--- DATASET ENTRIES ---
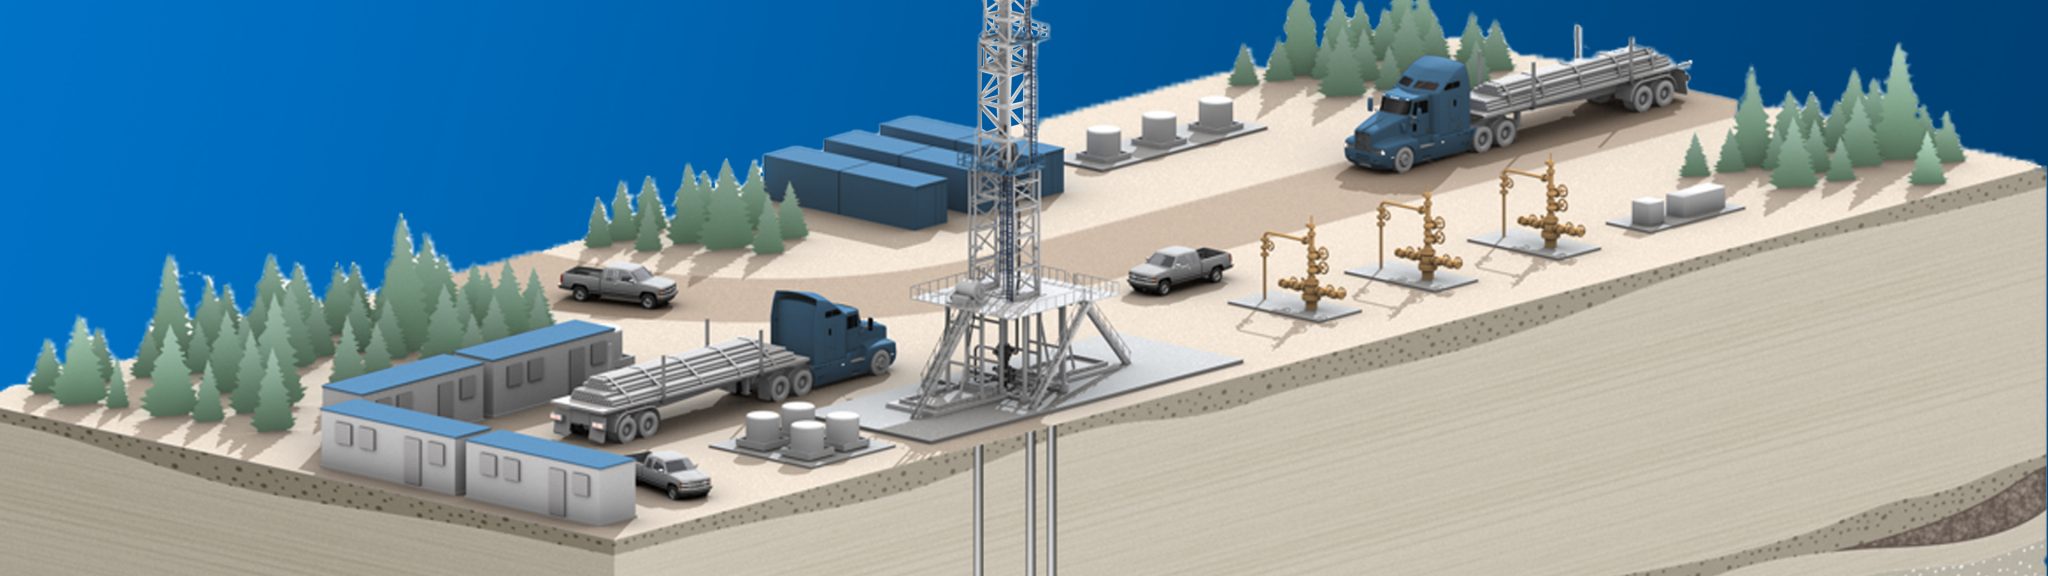 A rendering of a natural gas wellhead
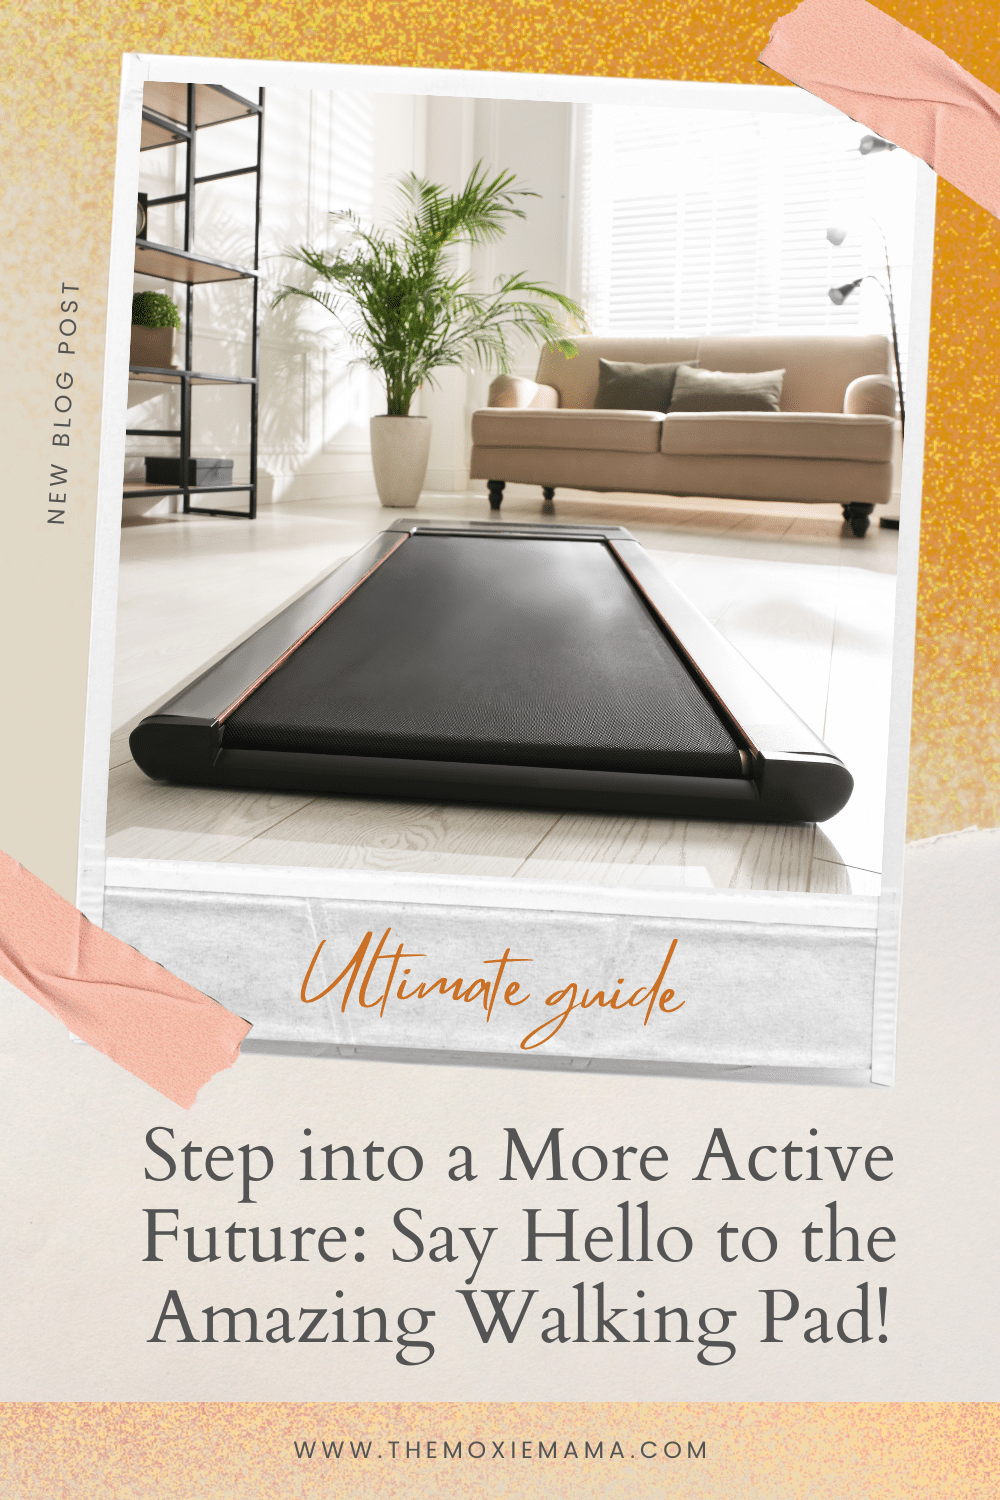 Explore what a walking pad is, the benefits it offers compared to traditional treadmills, and how it can be a game-changer for remote workers. Continue reading at themoxiemama.com
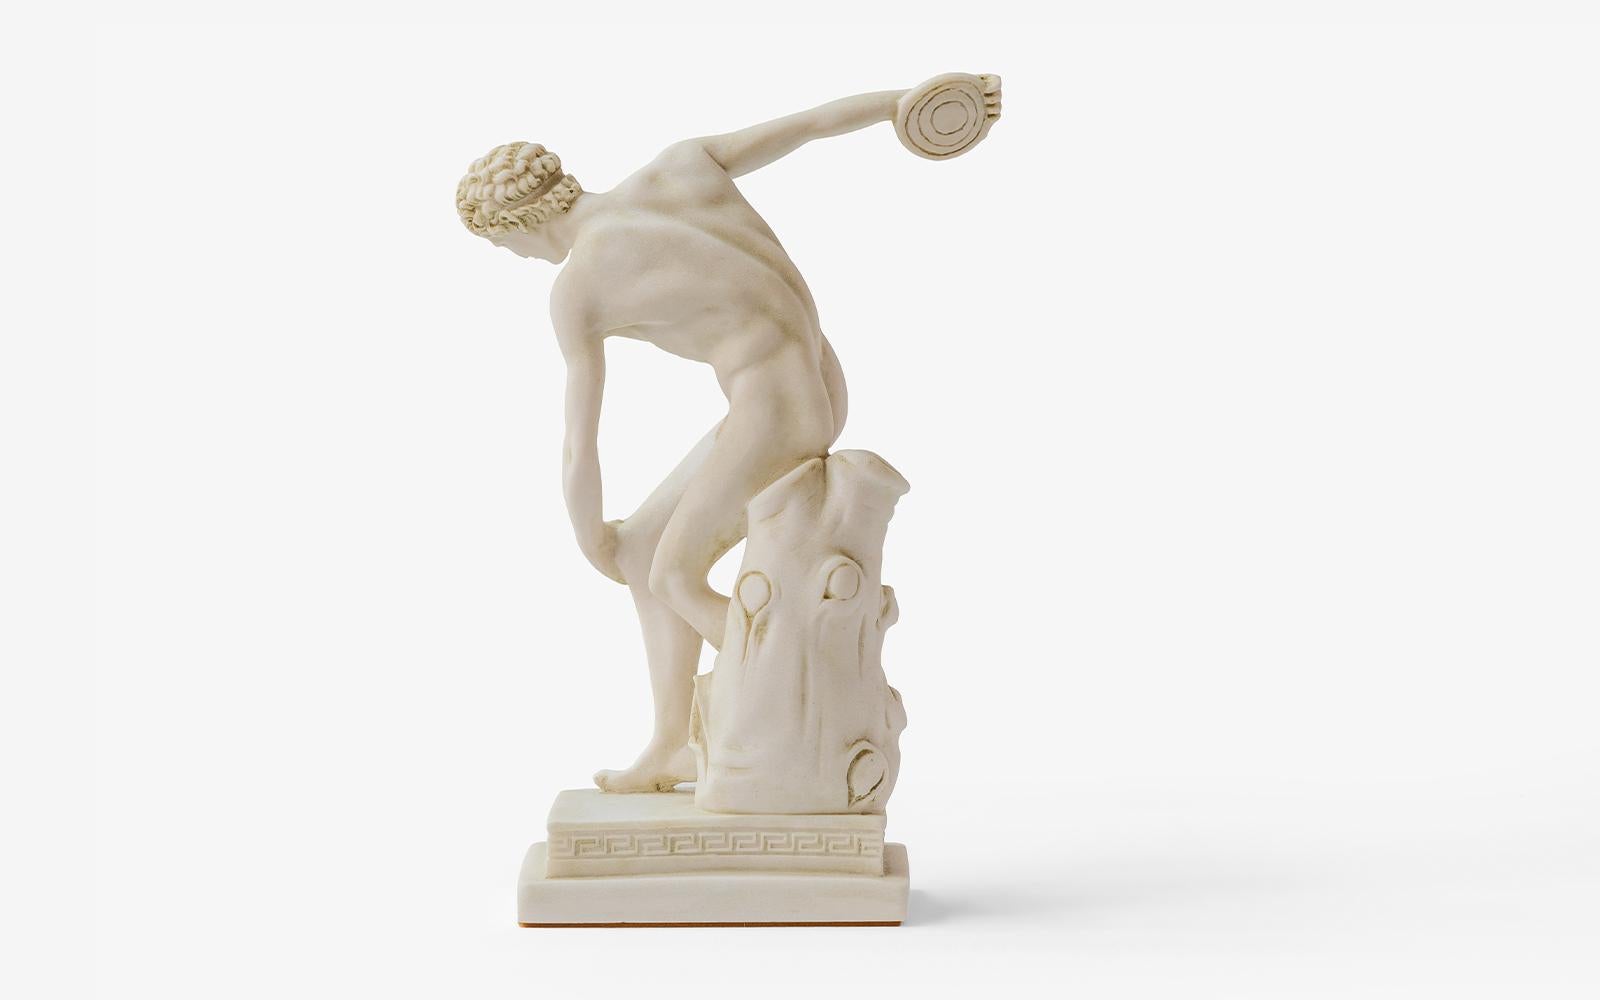 who sculpted the discus thrower
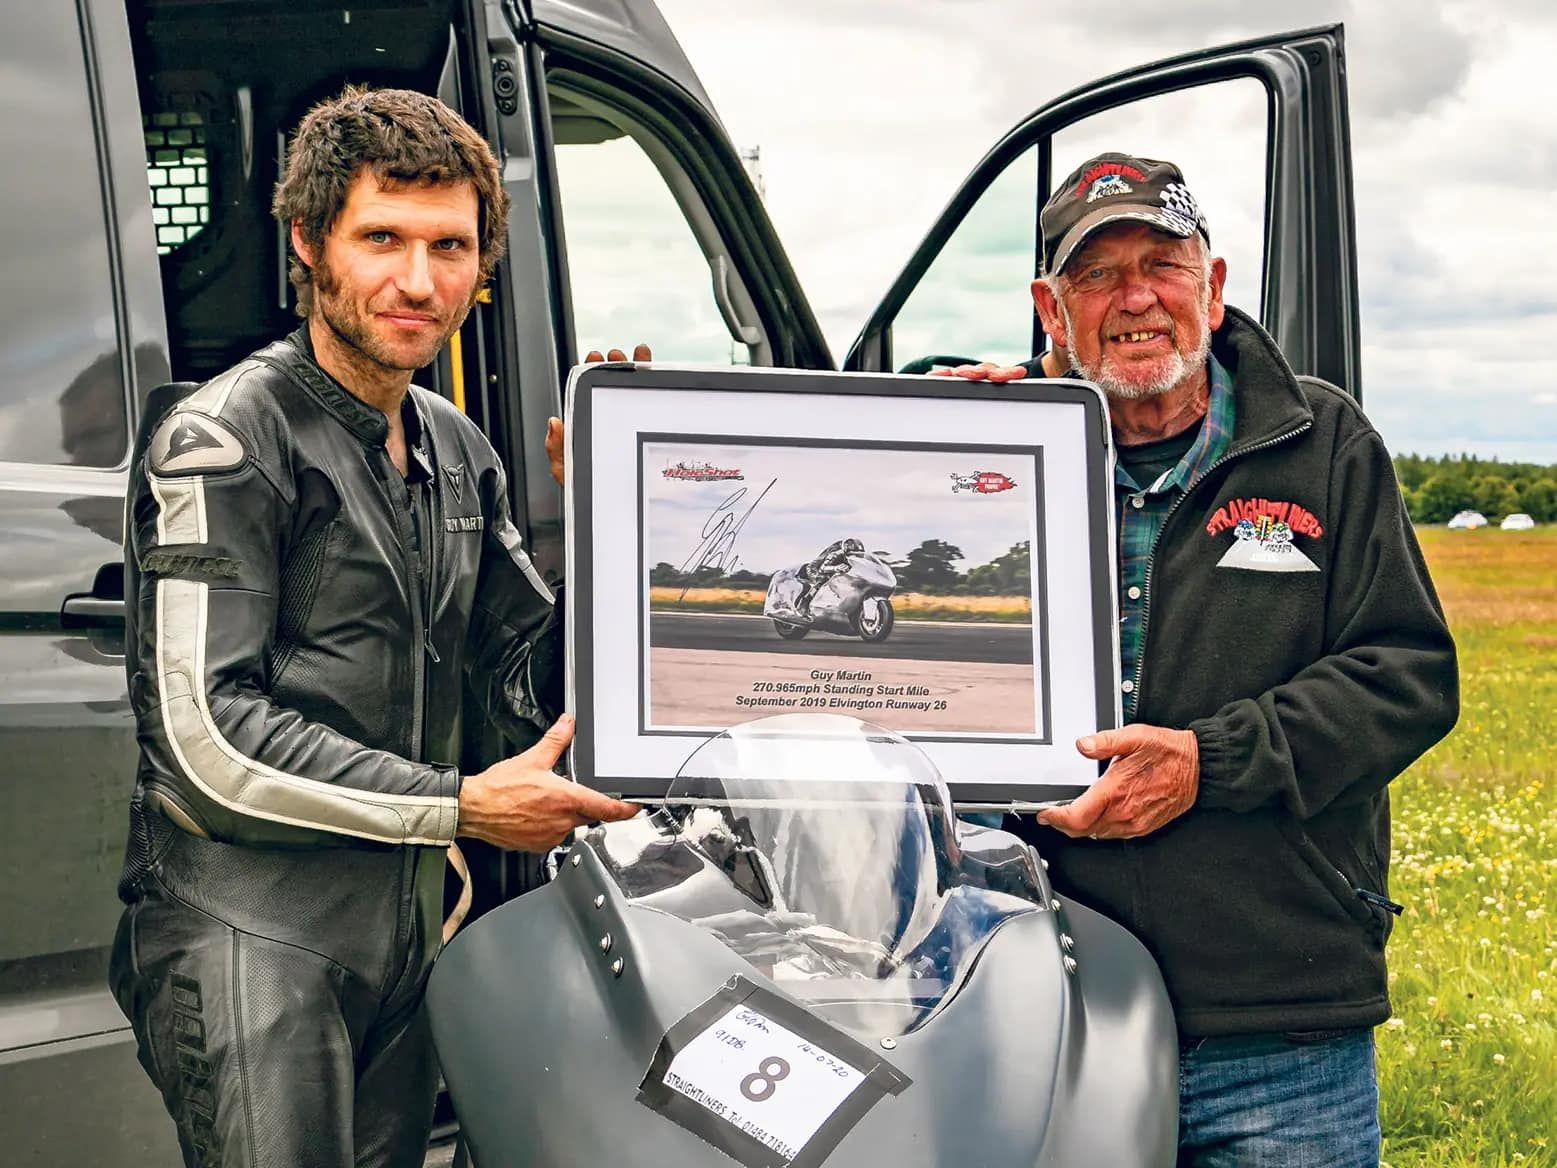 Guy Martin holding a framed images over his land speed record Suzuki Hayabusa.
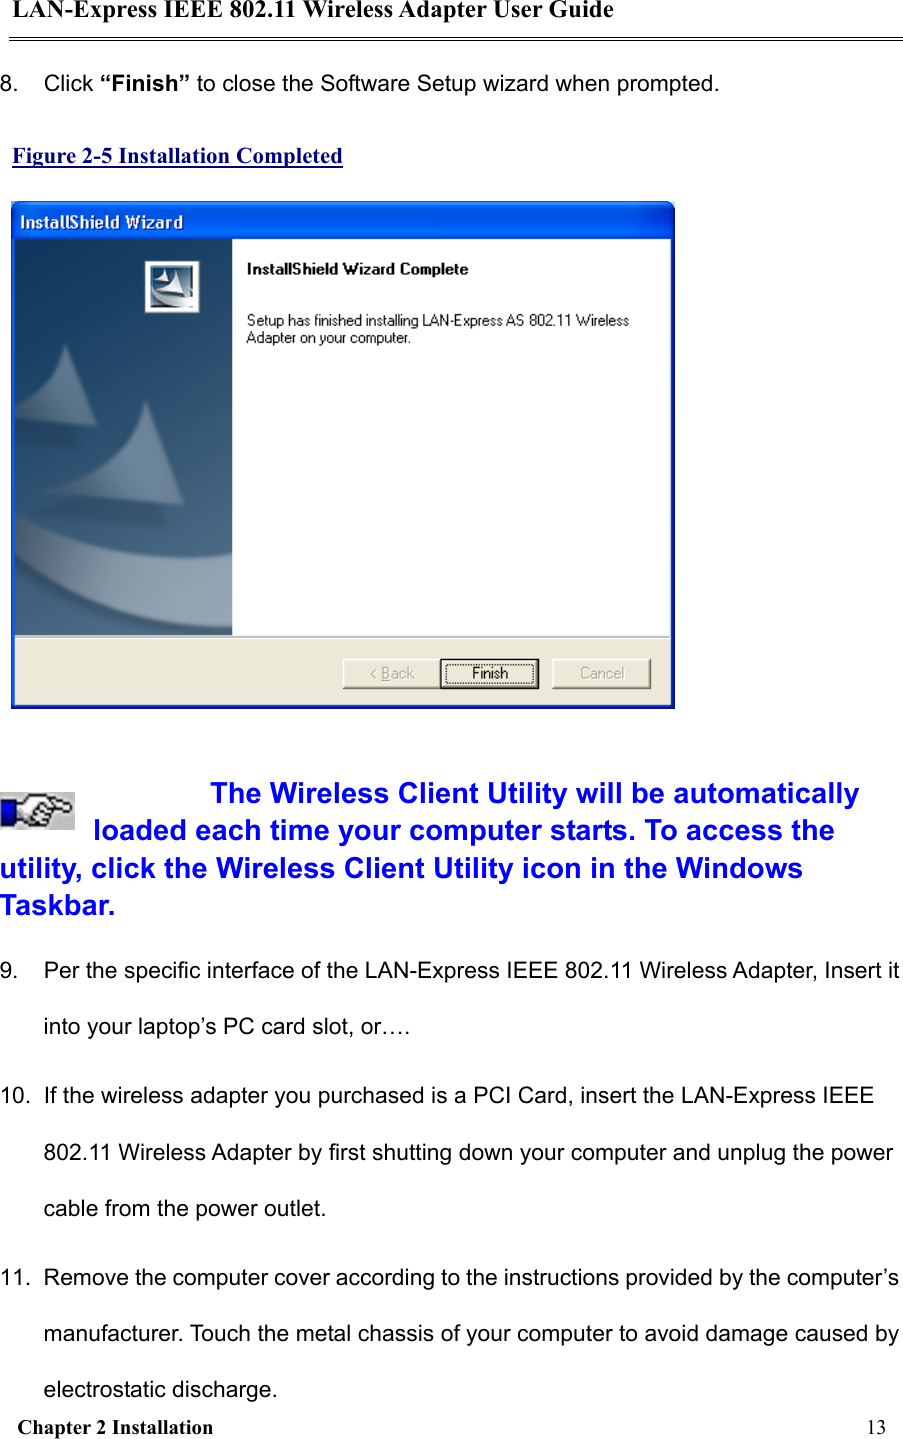 LAN-Express IEEE 802.11 Wireless Adapter User Guide  Chapter 2 Installation     13     8. Click “Finish” to close the Software Setup wizard when prompted. Figure 2-5 Installation Completed   The Wireless Client Utility will be automatically loaded each time your computer starts. To access the utility, click the Wireless Client Utility icon in the Windows Taskbar.  9.  Per the specific interface of the LAN-Express IEEE 802.11 Wireless Adapter, Insert it into your laptop’s PC card slot, or….   10.  If the wireless adapter you purchased is a PCI Card, insert the LAN-Express IEEE 802.11 Wireless Adapter by first shutting down your computer and unplug the power cable from the power outlet.  11.  Remove the computer cover according to the instructions provided by the computer’s manufacturer. Touch the metal chassis of your computer to avoid damage caused by electrostatic discharge.
---
PROBLEM TO WORK ON
After locating the line that contains "who sculpted the discus thrower", output it and all later lines through the end of the material exactly, leaving out pictures.

SOLUTION FOR THIS TASK
 who sculpted the discus thrower
 Guy Martin holding a framed images over his land speed record Suzuki Hayabusa.
 LAN-Express IEEE 802.11 Wireless Adapter User Guide  Chapter 2 Installation     13     8. Click “Finish” to close the Software Setup wizard when prompted. Figure 2-5 Installation Completed   The Wireless Client Utility will be automatically loaded each time your computer starts. To access the utility, click the Wireless Client Utility icon in the Windows Taskbar.  9.  Per the specific interface of the LAN-Express IEEE 802.11 Wireless Adapter, Insert it into your laptop’s PC card slot, or….   10.  If the wireless adapter you purchased is a PCI Card, insert the LAN-Express IEEE 802.11 Wireless Adapter by first shutting down your computer and unplug the power cable from the power outlet.  11.  Remove the computer cover according to the instructions provided by the computer’s manufacturer. Touch the metal chassis of your computer to avoid damage caused by electrostatic discharge.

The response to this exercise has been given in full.